• **What the exercise asks**
Repeat only what runs from the line with "The Committee on" through the last line of the data below, both included, keeping every word as it is and leaving out the pictures.

• **Data below**

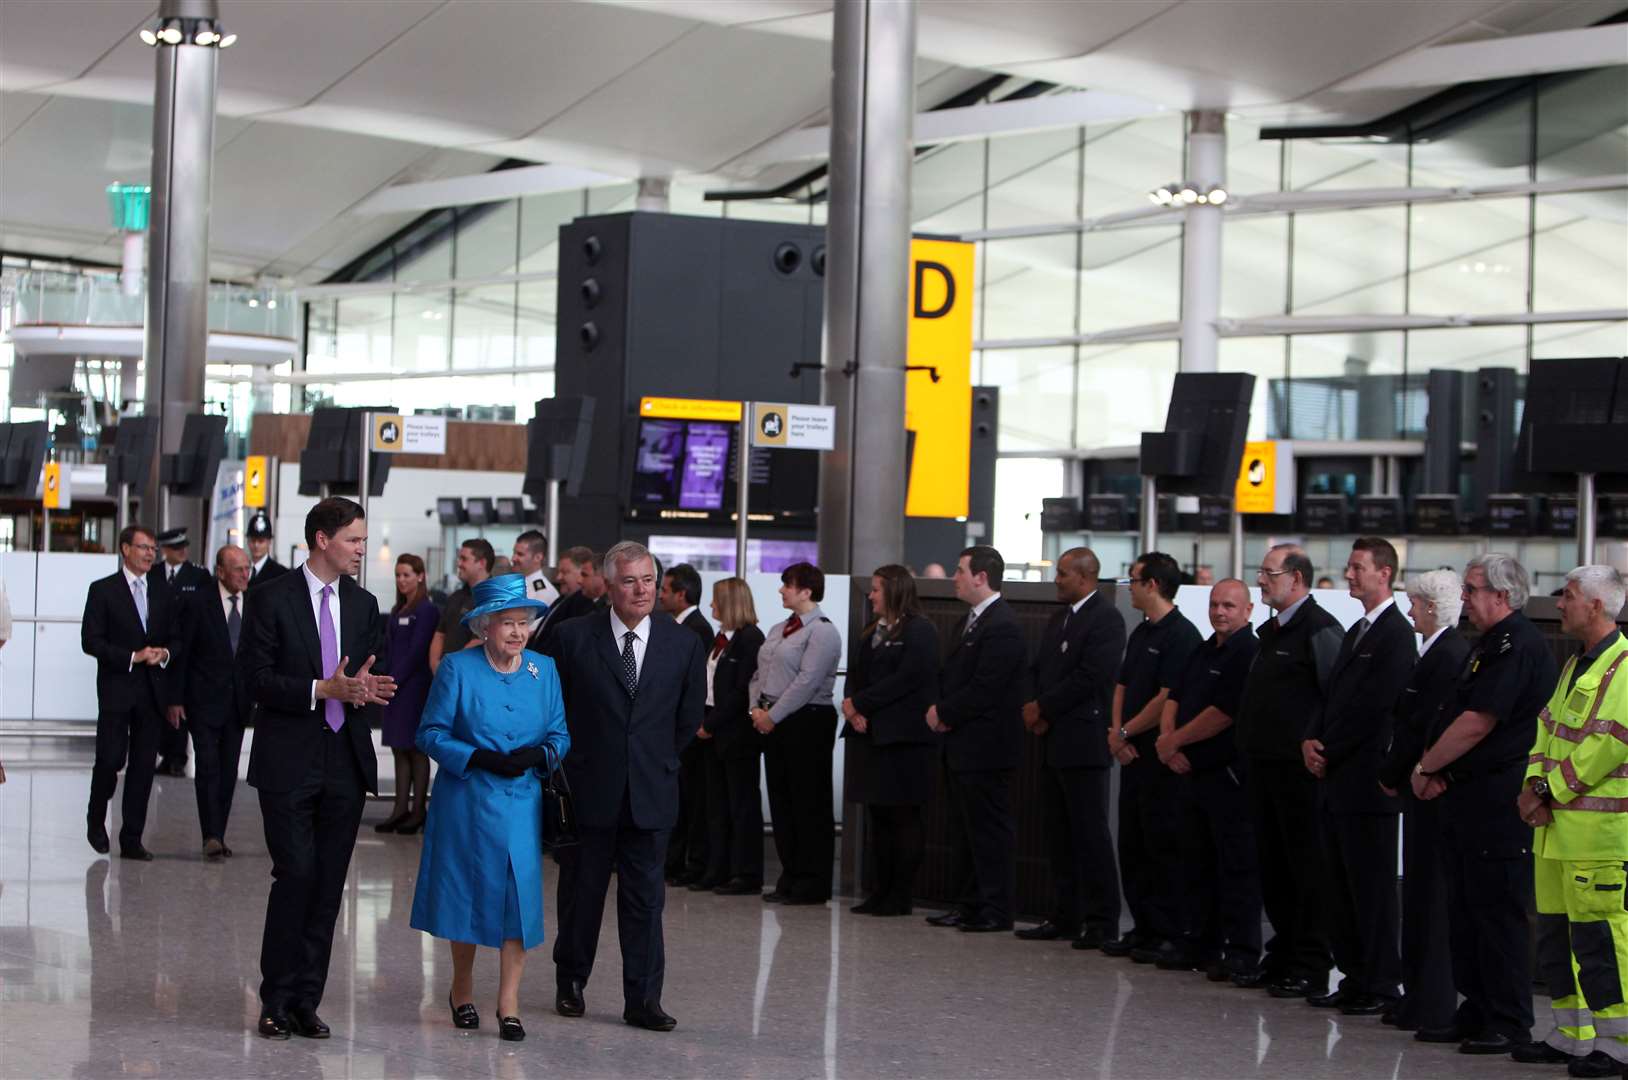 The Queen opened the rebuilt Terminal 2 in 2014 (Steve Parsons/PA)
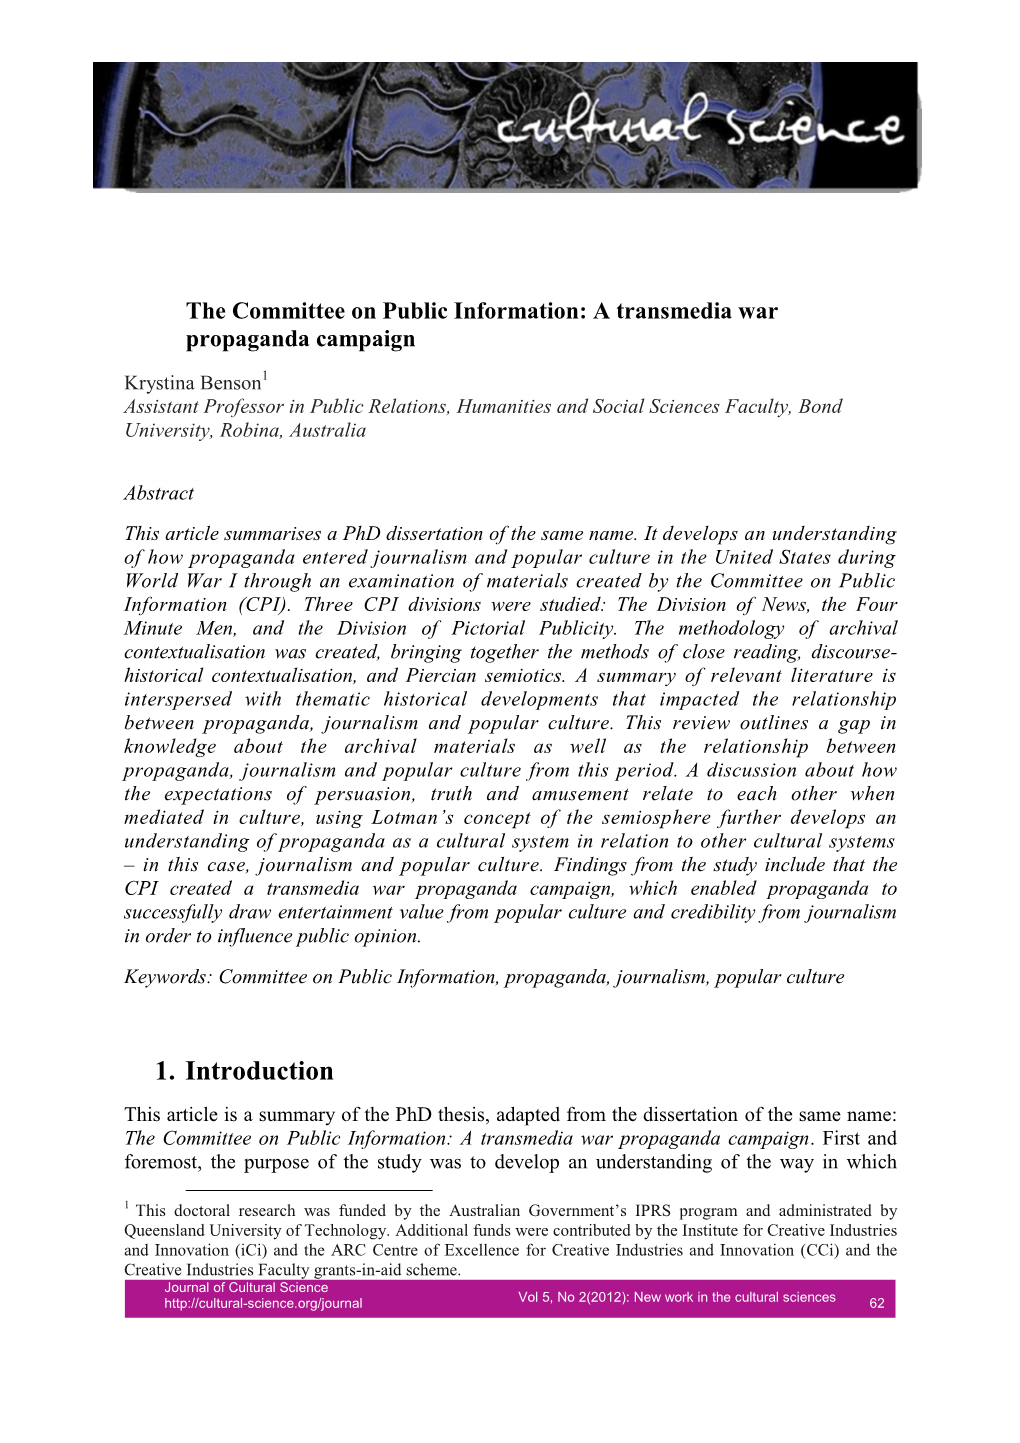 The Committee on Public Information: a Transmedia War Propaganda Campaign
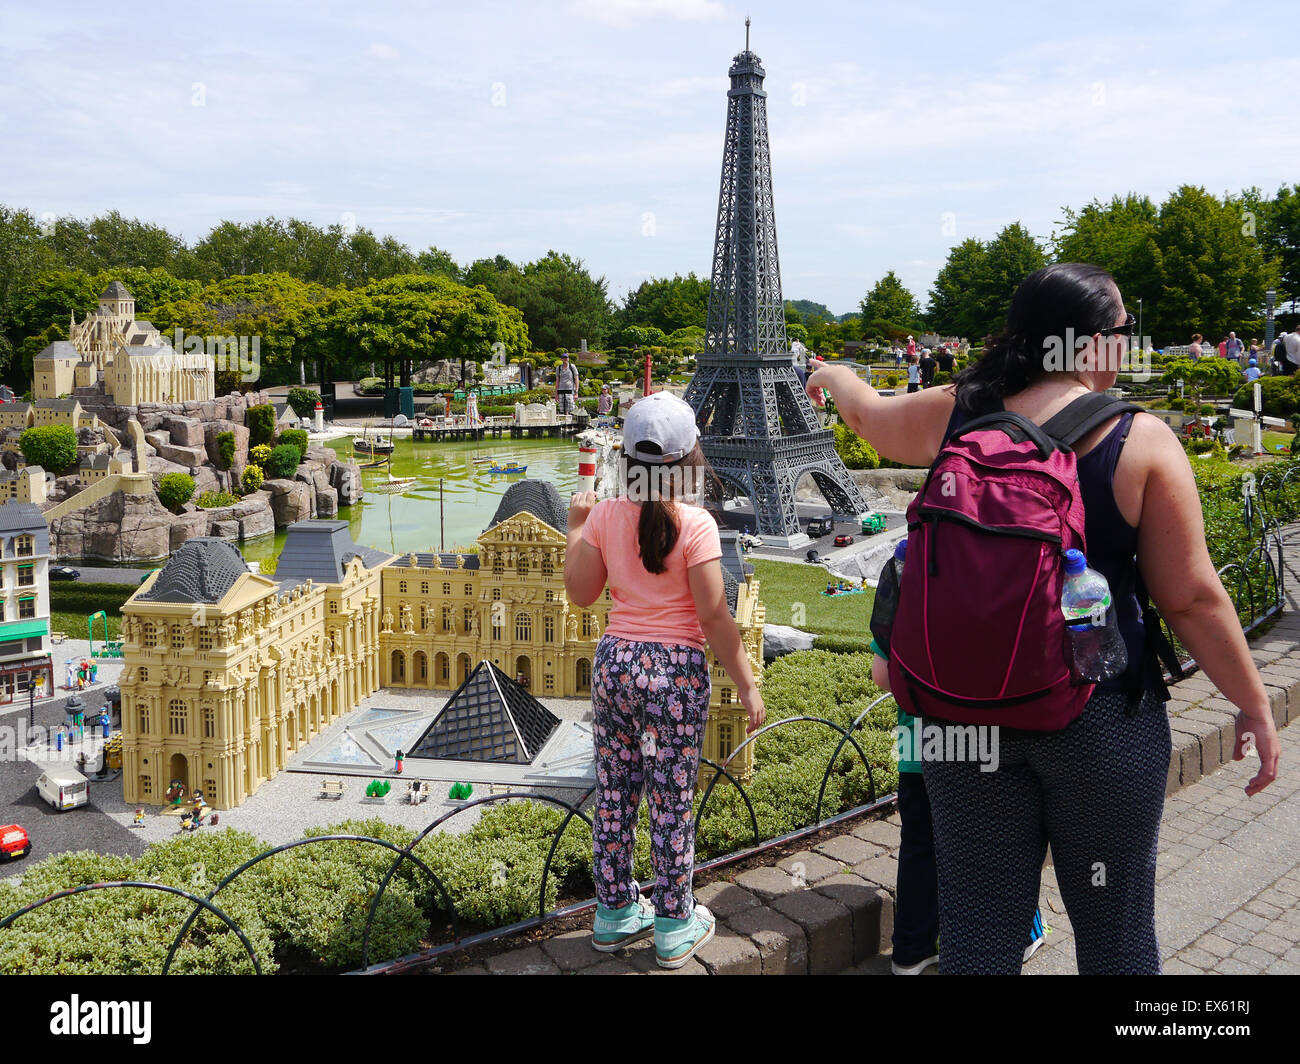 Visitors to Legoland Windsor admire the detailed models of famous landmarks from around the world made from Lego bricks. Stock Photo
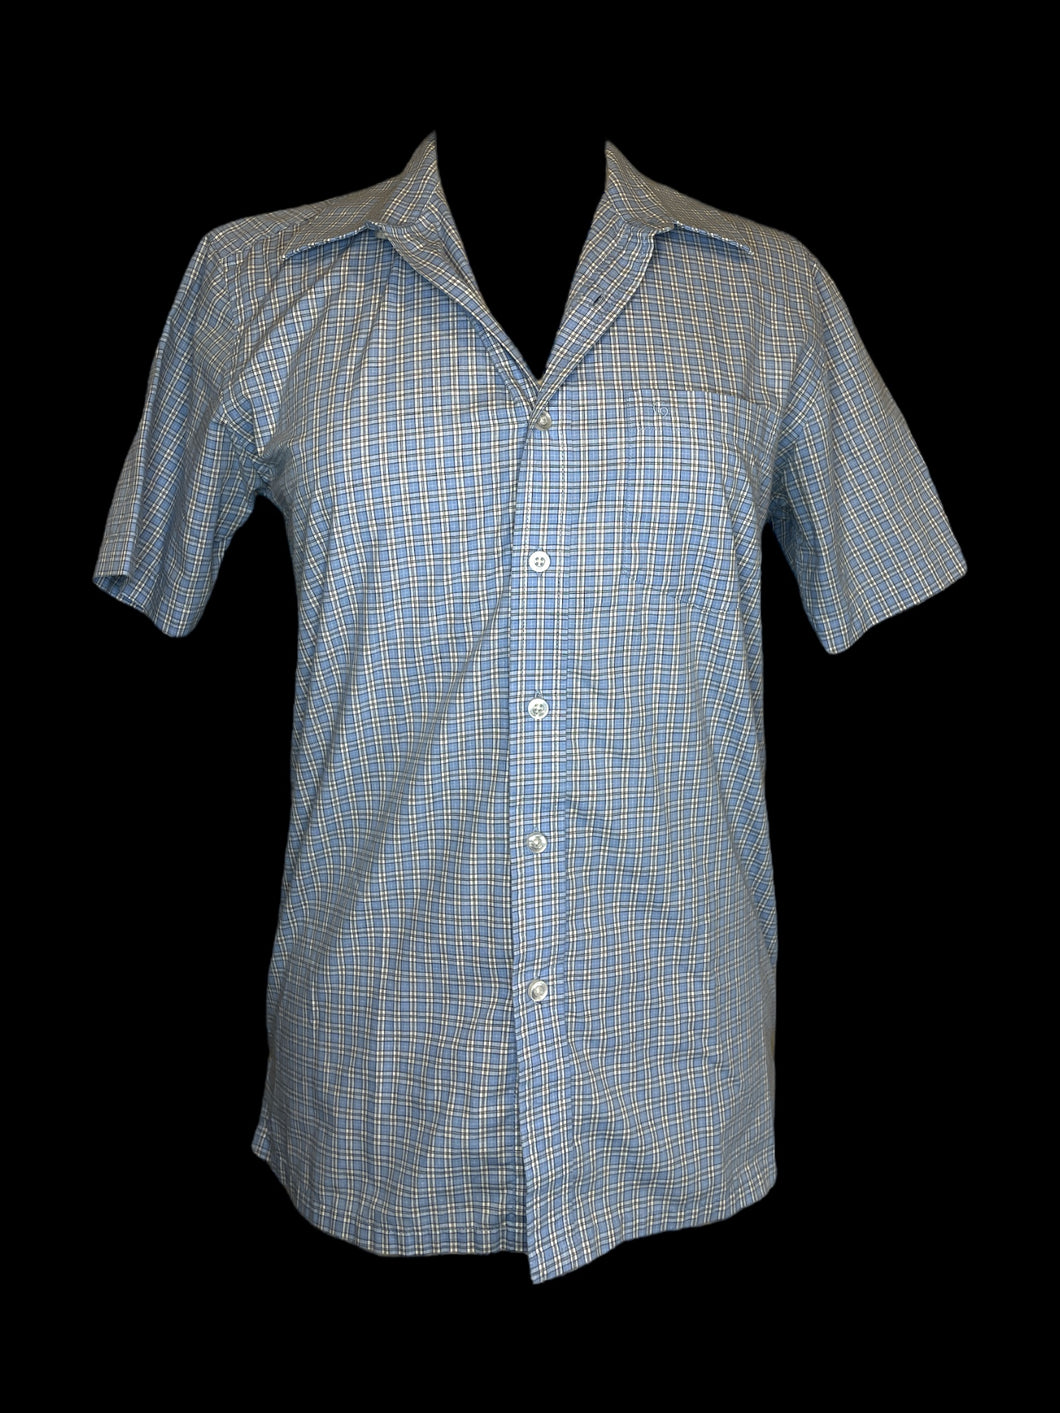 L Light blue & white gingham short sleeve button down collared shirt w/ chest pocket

• **Output for this exercise**
 The Committee on Public Information: a Transmedia War Propaganda Campaign
 Visitors to Legoland Windsor admire the detailed models of famous landmarks from around the world made from Lego bricks. Stock Photo
 L Light blue & white gingham short sleeve button down collared shirt w/ chest pocket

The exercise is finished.